Your assignment: Give back exactly the lines starting at the one with "Фитнес-инструктаж: как правильно" and ending at the last line of the data below. Pictures are not part of the copy.

Information shown:
──────

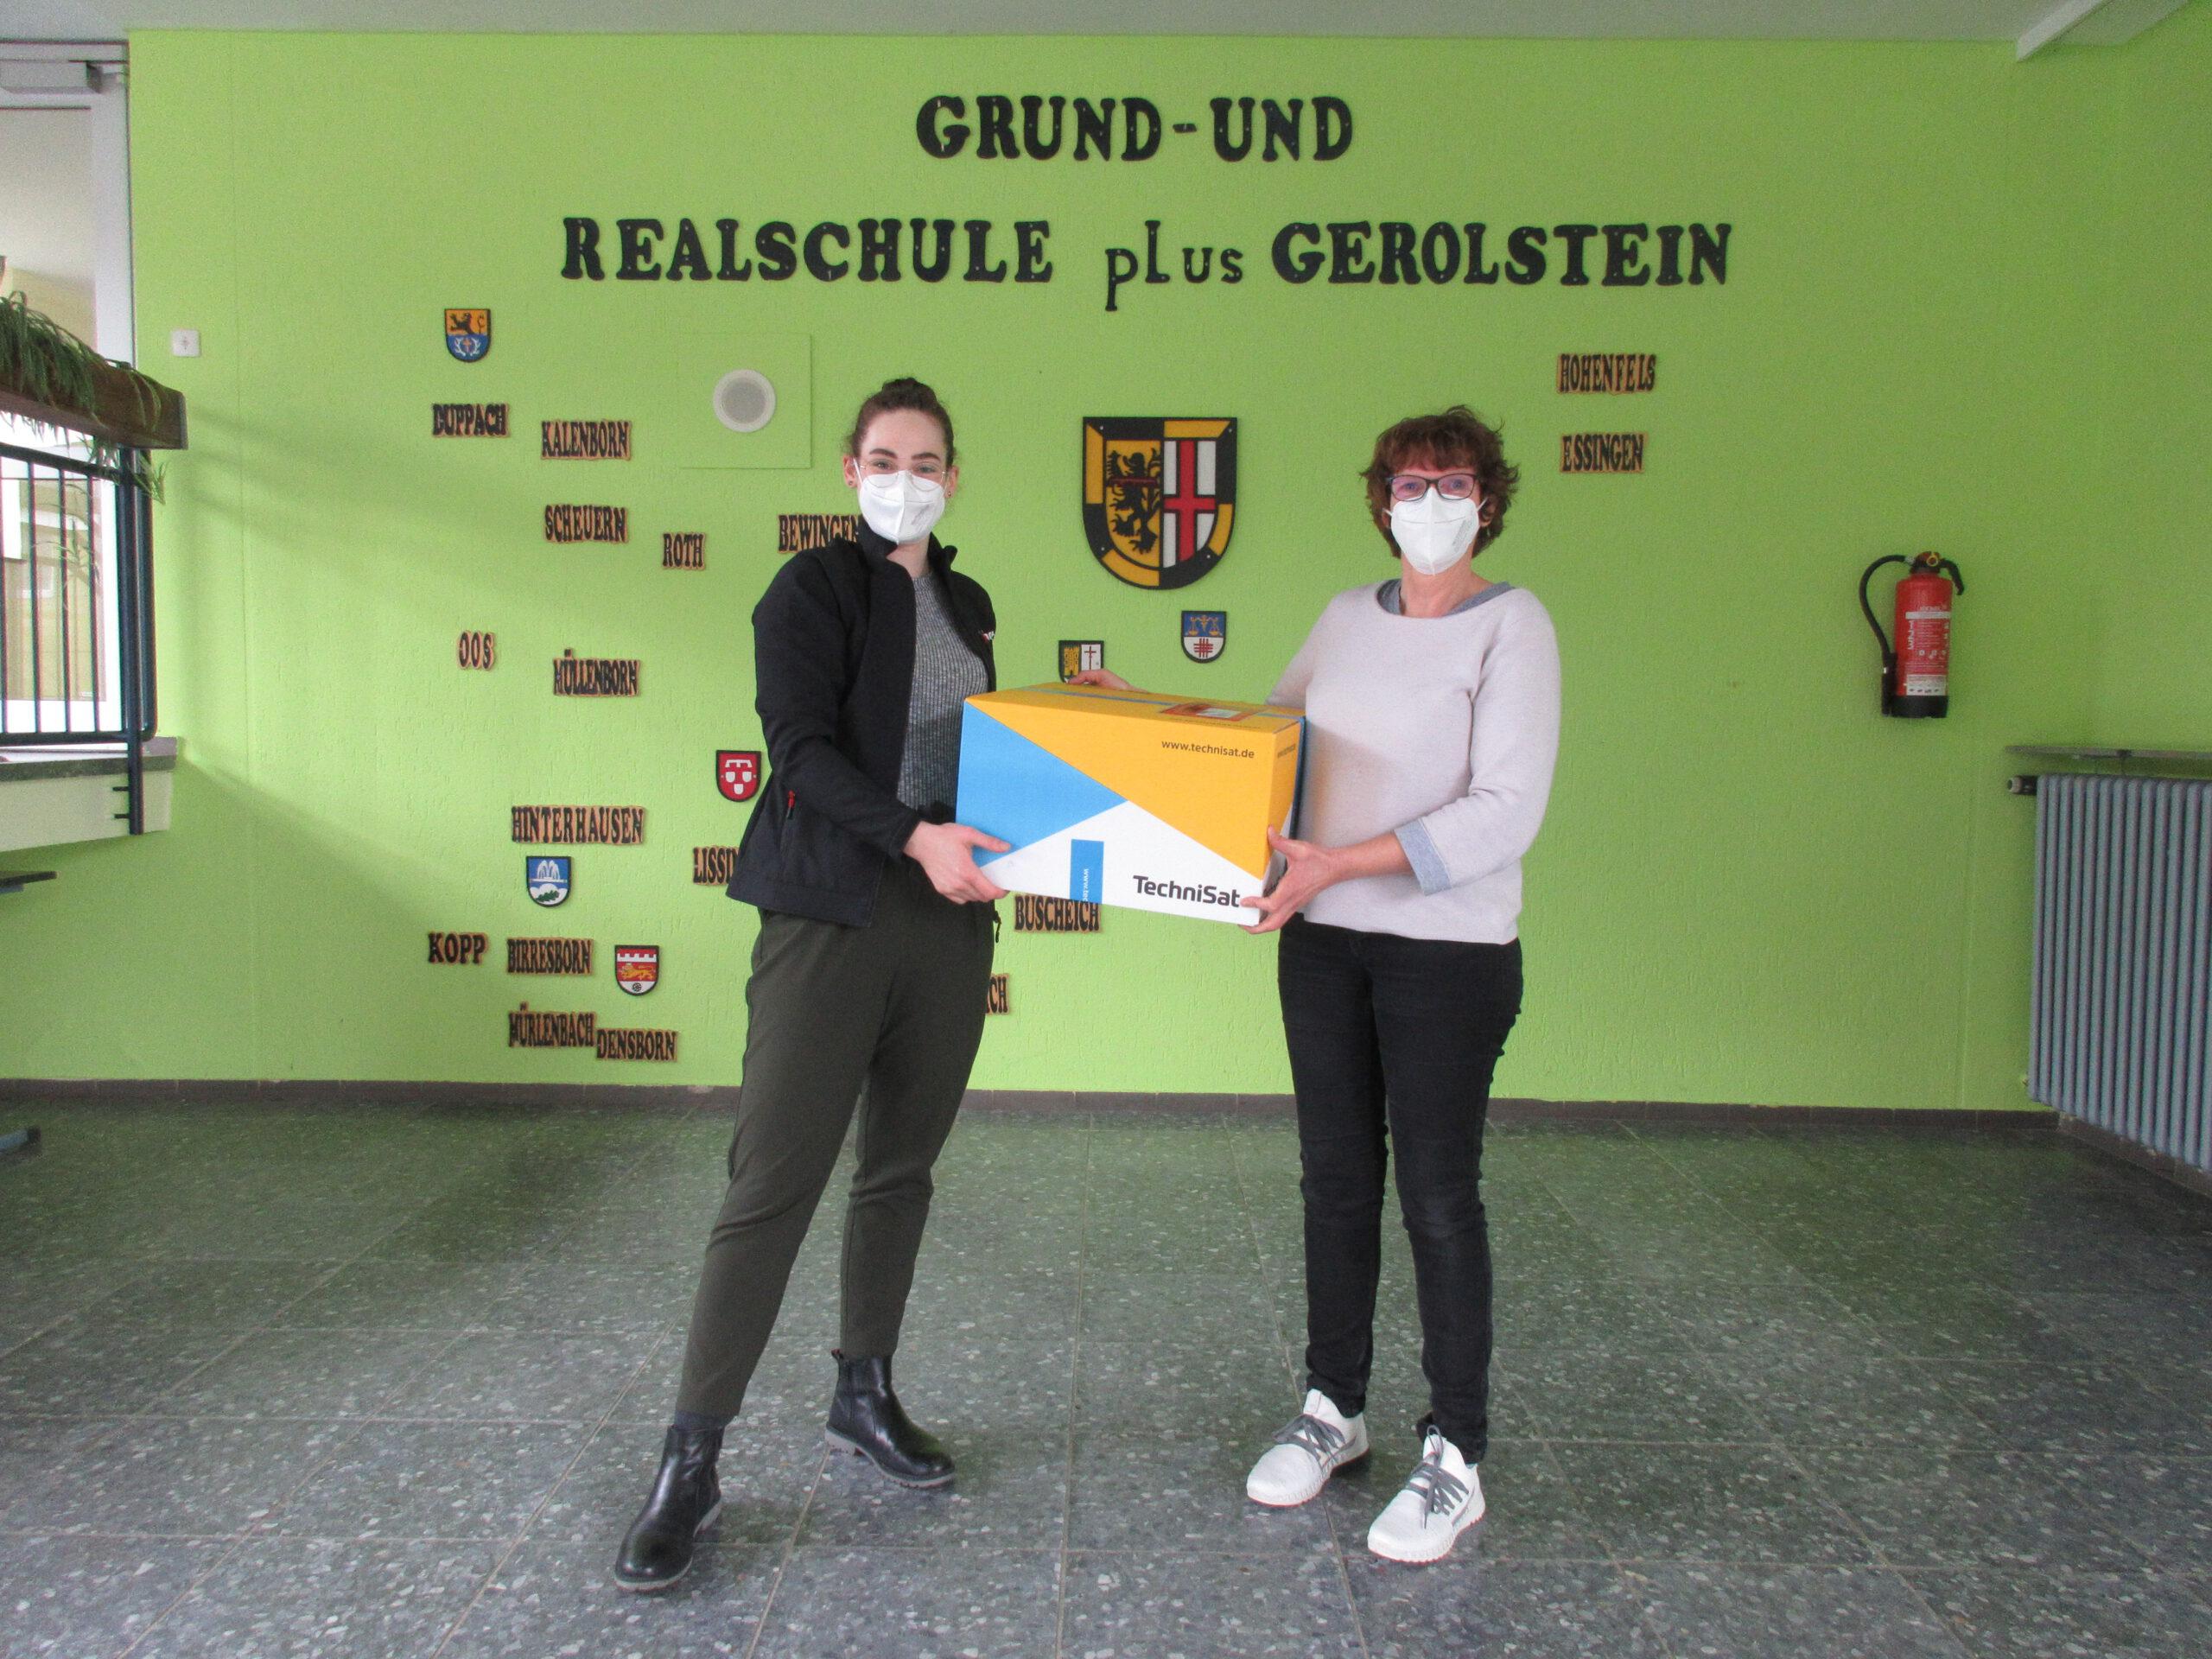 Firma TechniSat spendet 1000 FFP2-Masken
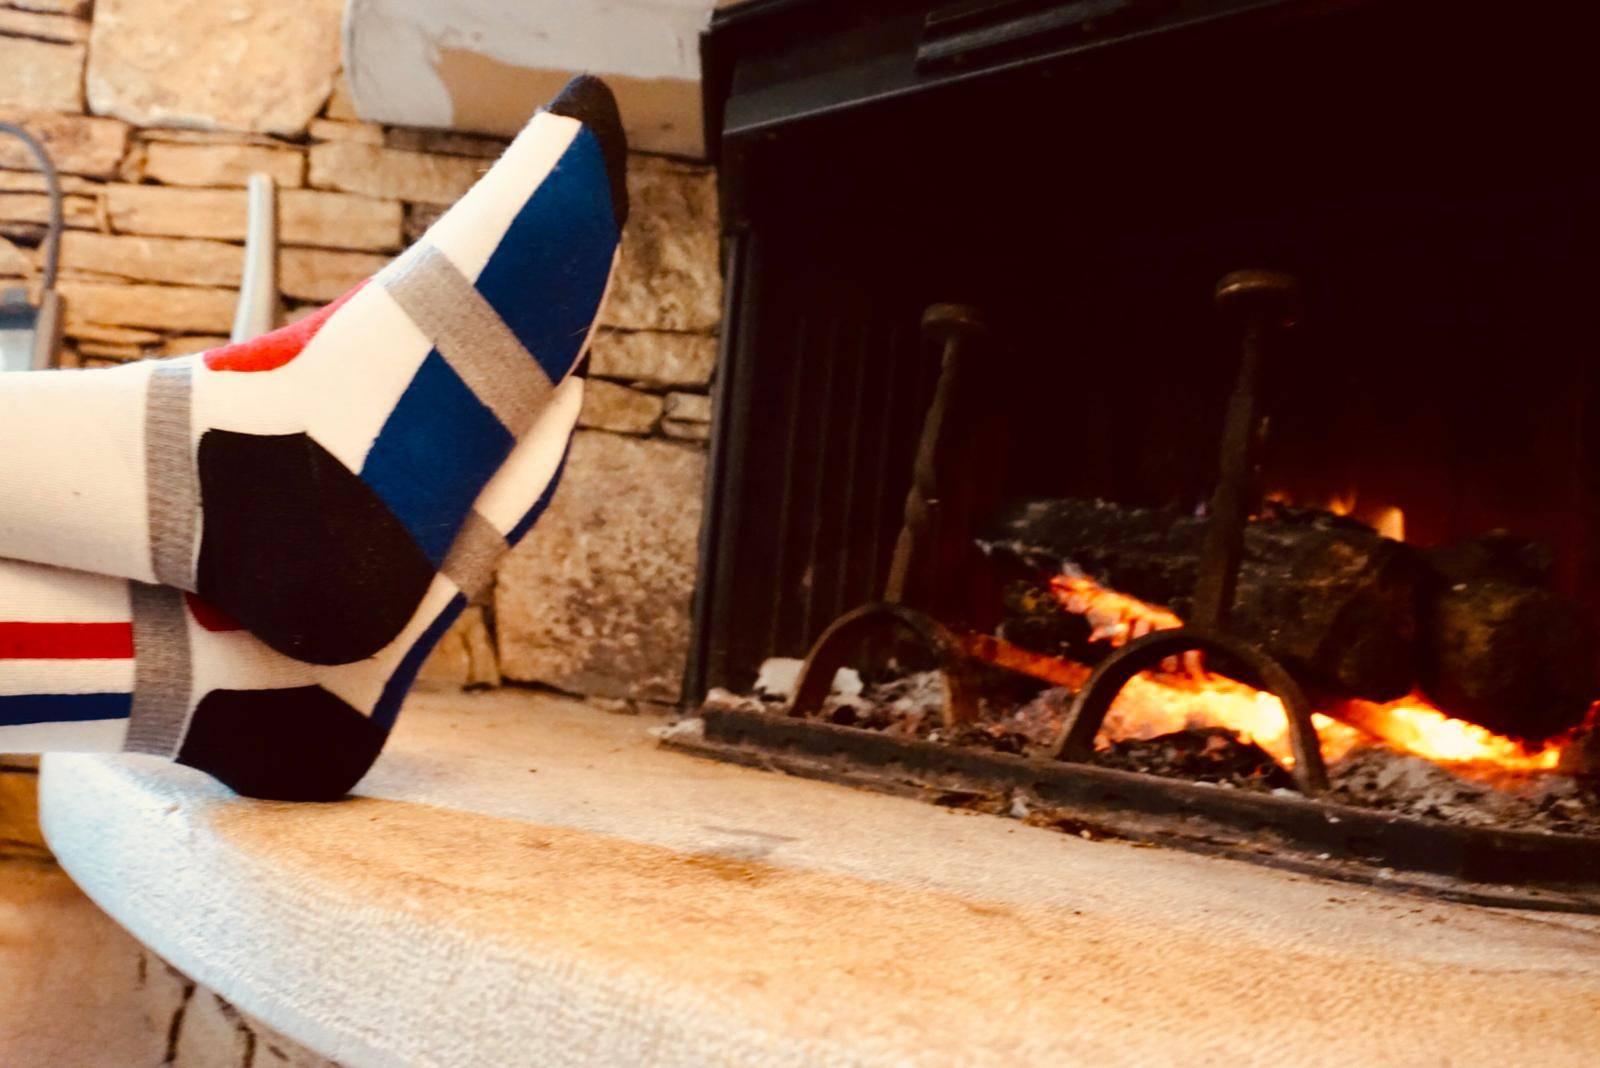 chaussettes de ski avec un bon maintien du pied
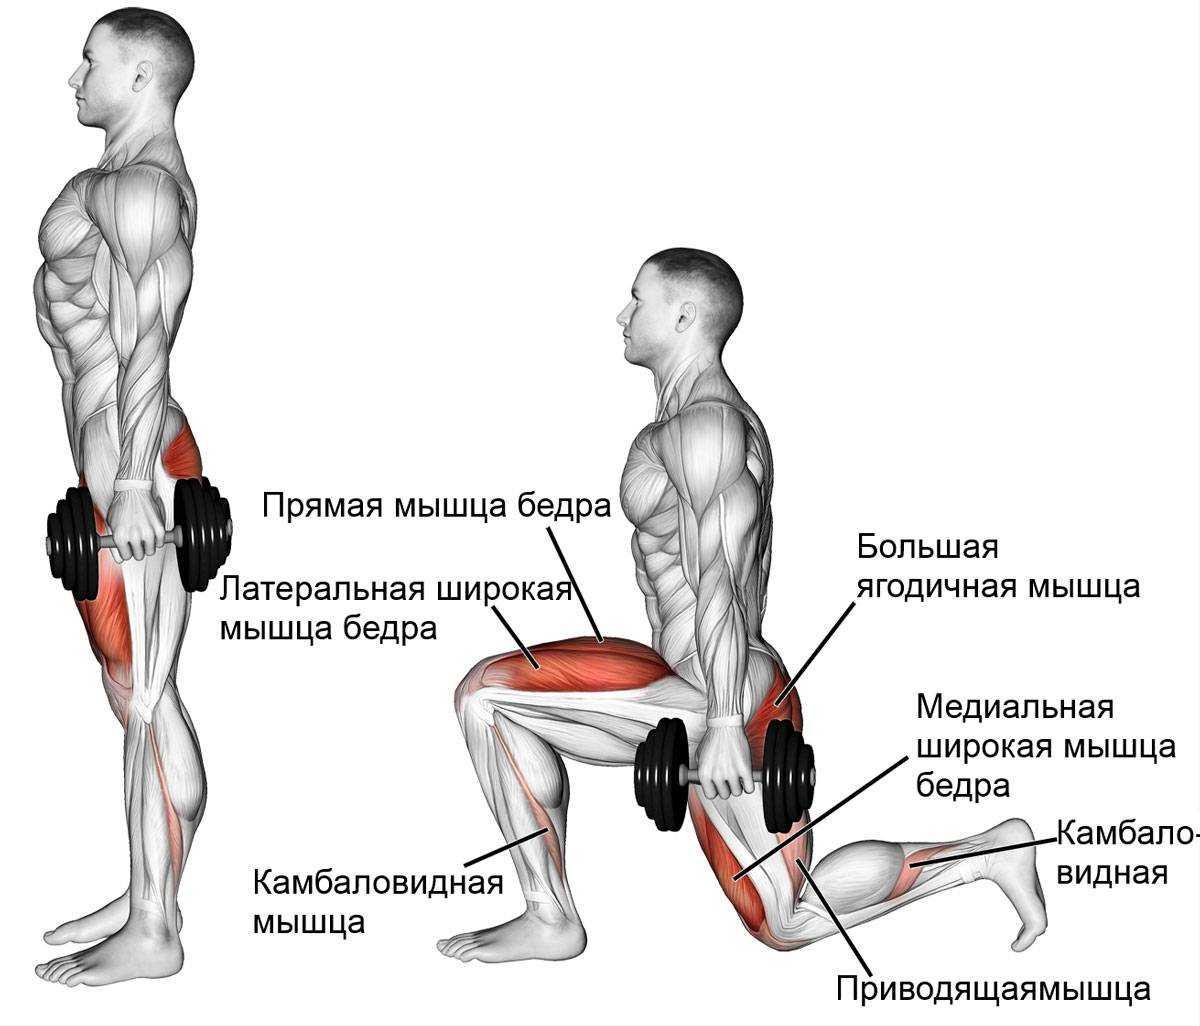 Фитнес-инструктаж: как правильно делать выпады для ягодиц, техника выполнения с гантелями и без | rulebody.ru — правила тела
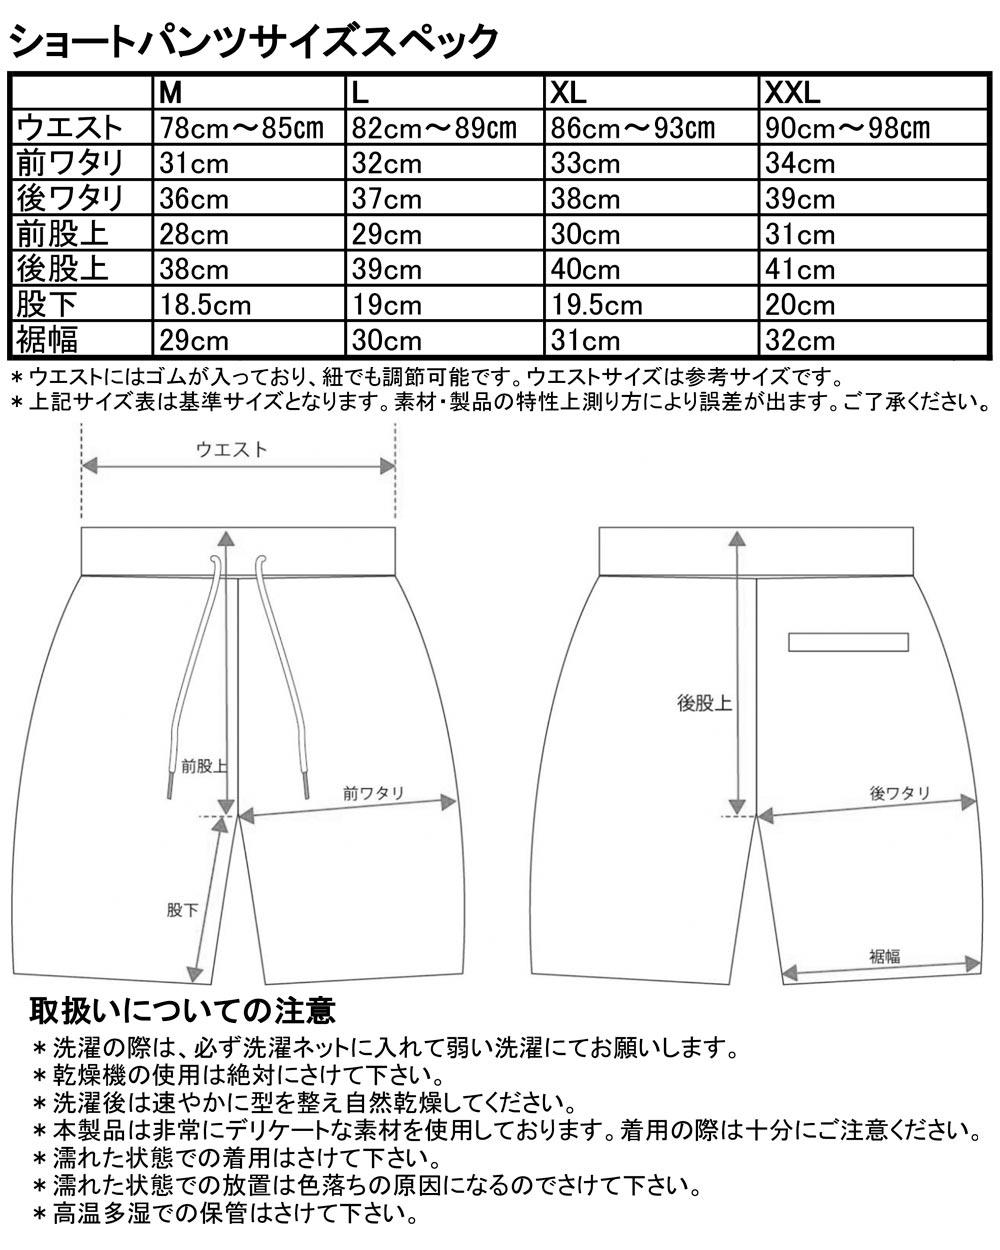 新日本プロレス ハーフパンツ 高橋ヒロムモデル ブラック XL

──────

Answer to this problem:
 Фитнес-инструктаж: как правильно делать выпады для ягодиц, техника выполнения с гантелями и без | rulebody.ru — правила тела
 新日本プロレス ハーフパンツ 高橋ヒロムモデル ブラック XL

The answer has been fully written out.